Mehr Rückhalt vom Staat

Auch T. hatte schon einige Strafverfahren am Hals. Wegen einer solchen Klage war es ihm nicht möglich, sich für eine andere Stelle zu bewerben. «Niemand will einen Polizisten mit offenem Verfahren einstellen», sagt er. Viele würden dann ihren Job sogar ganz aufgeben, weil sie ganz allein dastünden und ausser via Anwalt keine Rückendeckung von den Vorgesetzten hätten und auch keinen Einfluss nehmen könnten.

So auch T., dem es irgendwann zu viel wurde und darauf seinen Job an den Nagel hängte.
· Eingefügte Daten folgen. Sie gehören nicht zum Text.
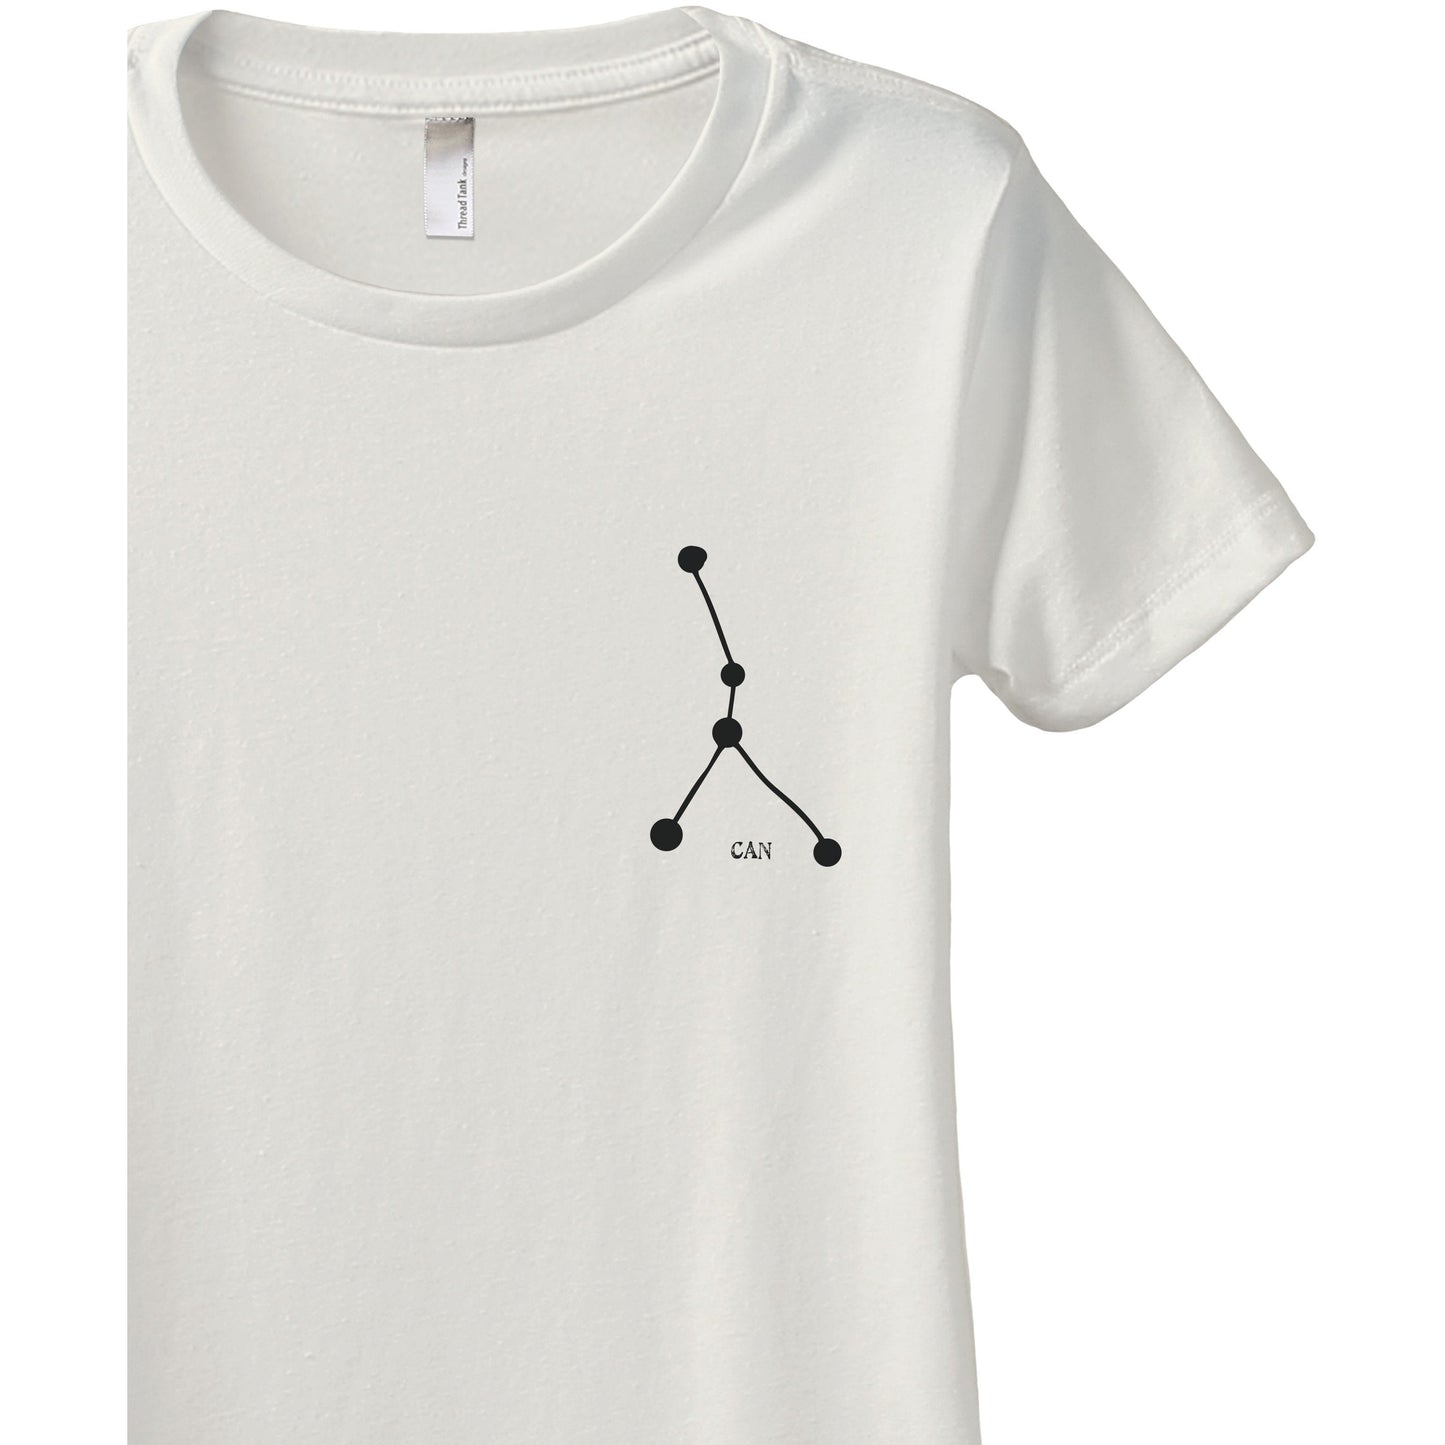 Cancer CAN Constellation Astrology Women's Relaxed Crewneck T-Shirt Top Tee Vintage White Zoom Details

Laut ihm kein Einzelfall: «Einige Beamte tragen Traumata von solchen Einsätzen und Verfahren davon, gehen deshalb nicht gern arbeiten und kündigen den Dienst.» Unter anderem auch, weil sie sich allein gelassen fühlen würden. «Es gab gar Polizisten die so massiv angegriffen wurden, dass sie Todesangst hatten und beispielsweise nicht in einen Fanzug steigen wollten und ihren Dienst verweigerten», sagt T.

Deshalb fordert er mehr Rückendeckung vom Staat. «Die Polizisten müssen besser geschützt sein, wenn sie zum Schutz der öffentlichen und ihrer eigenen Sicherheit durchgreifen müssen.» So wünscht T. sich eine Verschärfung der Gesetze: «Polizisten sollen nicht wie Täter behandelt werden», so T. Ansonsten seien Polizisten gehemmt, richtig durchzugreifen und ihre Arbeit zu machen. Dies zum Nachteil des Schutzes der Bevölkerung. Auch vom eigenen Verband, dem Verband der Schweizerischen Polizei-Beamten (VSPB): «Sie sollten politisch aktiver werden, dass man die Arbeit des VSPB auch als Polizist auf der Strasse spürt.»